The big story from last week’s Budget was clear – there is little room for manoeuvre on the economy unless we improve our productivity. And the lesson from yesterday’s industrial strategy is that the government does not have the ideas to fix it. You only have to spend five minutes in the company of economists to understand that our downgraded productivity forecasts spell real problems for Britain – particularly as we approach the full force of a chaotic Brexit.
It’s widely agreed that productivity holds the key to maintaining and building on our place as a world-leading economy. So how do we help our businesses, and the people employed by those businesses, to become more efficient?
There are two key pillars to put in place. Both of which were painfully lacking in the chancellor’s Budget. Both of which are about getting the basics right. And both of which a Labour government would deliver.
The first, and foremost, is education. The link between a strong education system and strong productivity is clear and established. It was extremely disappointing, therefore, to see no significant mention of education in the Budget.
In Croydon we have the largest number of young people in London, and we have 16,000 people in further education or apprenticeships. But the overall picture, in Croydon and beyond, is not a positive one. Further education institutions have been savaged by cuts and are increasingly having to scale back on the courses they can offer.
What’s more, there’s a growing crisis in our schools which threatens to undermine our local and national economy for a generation.
Recently, I surveyed more than 50 Croydon headteachers about the impact of current funding pressures. Nine out of 10 (93 per cent) told me that they have been forced to cut staff since 2015 due to lack of funding. Shockingly, 85 per cent have said they’ve been forced to cut support for children with special educational needs and two thirds have cut teaching assistants.
Labour would reverse the damaging real-terms cuts to schools funding, end the public sector pay cap which is damaging teacher retention, and create a unified national education service for England to move towards cradle-to-grave learning that is free at the point of use.
OECD research in 2015 found that Britain could add trillions to our economy if only we had the education standards of countries like Poland and Estonia. But listen to headteachers and they will tell you under this government our education standards are only going one way: backwards.
The second pillar to improve productivity, is, of course, infrastructure. London is our most productive location and where our housing shortage is most acute. And yet London has slipped to the bottom of the regional tables recently in terms of housebuilding. Sadiq Khan was right to say that this was the most anti-London budget in a generation. It didn’t offer a single extra penny in grants for affordable housing in London.
In Croydon, as in London overall, house prices have passed 10 times average earnings, making them completely unaffordable for average working families. Croydon council is doing its best to get homes built but they are hamstrung by government restrictions on borrowing to invest.
The government must change its mindset away from seeing housing as a commodity, to seeing housing as a pivotal means of increasing our nation’s productive potential.
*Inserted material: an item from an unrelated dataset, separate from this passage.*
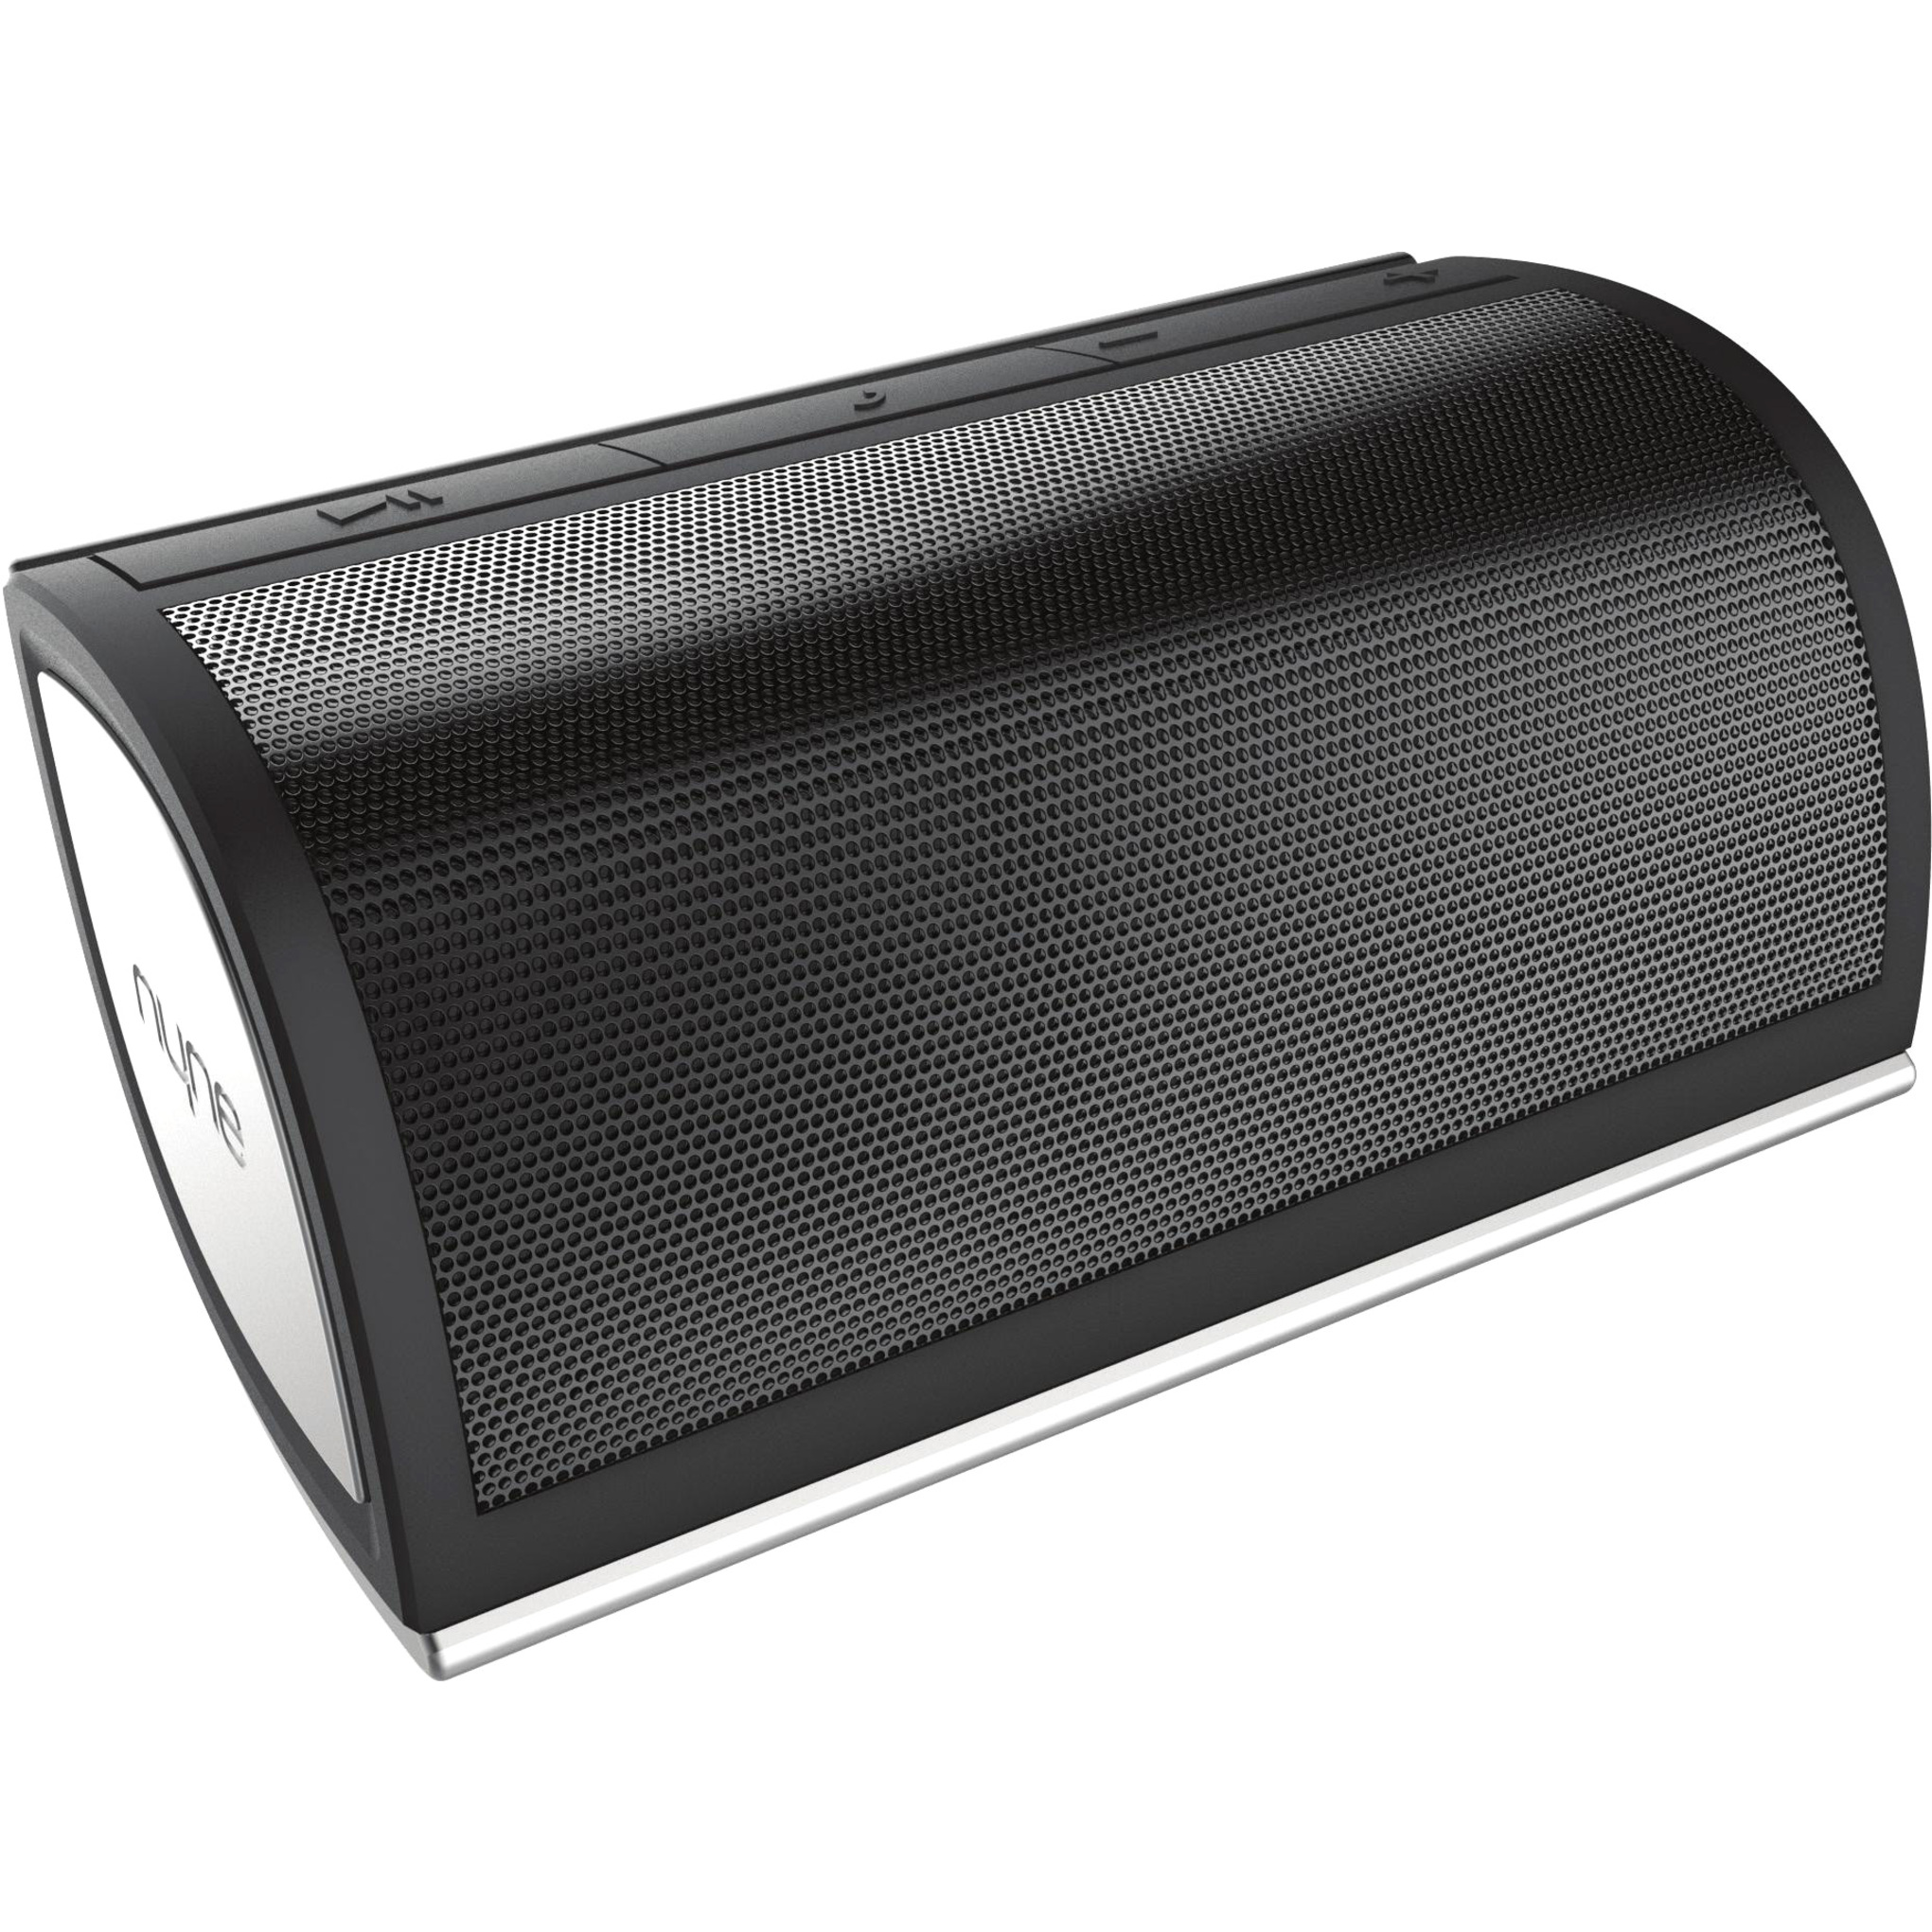 Nyne Portable Bluetooth Speaker, Black, Nyne Mini - image 1 of 4

Housing is an enabler of growth – an investment like healthcare or education.
More housing will only help kickstart productivity if the right type of infrastructure supports it. Croydon council recently gave the green light to a transformative project led by Westfield and Hammerson which will bring thousands of new homes and a major new retail development to the centre of the town.
But alongside that, the council has £500m plan to provide the critical infrastructure to make this development work. Some 39 projects including station redevelopments; rail, road and tram improvements; cycle routes; schools and colleges; superfast broadband; and public realm improvements.
The government has rightly identified infrastructure and mobility as one of its industrial strategy “grand challenges”. But the scale and scope of the promised investment is simply not grand enough for this challenge. The £400m for electric cars will not help improve productivity in Croydon, where our railway has been operating over capacity and making commuters’ lives hell for years.
We should be looking at radical ways to transform rail in south London into an orbital, metro style system, not waiting until the system gets so bad that emergency funding is needed – as happened in January. We should be expanding on the success of the London Overground by giving TfL powers to join up suburban routes.
Rather than limiting to £31bn infrastructure investment, we should be capitalising on record low rates of borrowing to invest on the scale of Labour’s proposals, with a £250bn national transformation fund.
There are 14,000 small businesses in Croydon – they are the backbone of our economy. They need a skilled workforce and the right conditions to grow so some can become the future global corporations trading around the world.
The challenges we face, from AI to an ageing population from climate change to Brexit are very complex. And unless we put the strong foundations in place – improving our productivity through education and infrastructure – we don’t stand a chance.
Sarah Jones is MP for Croydon Central.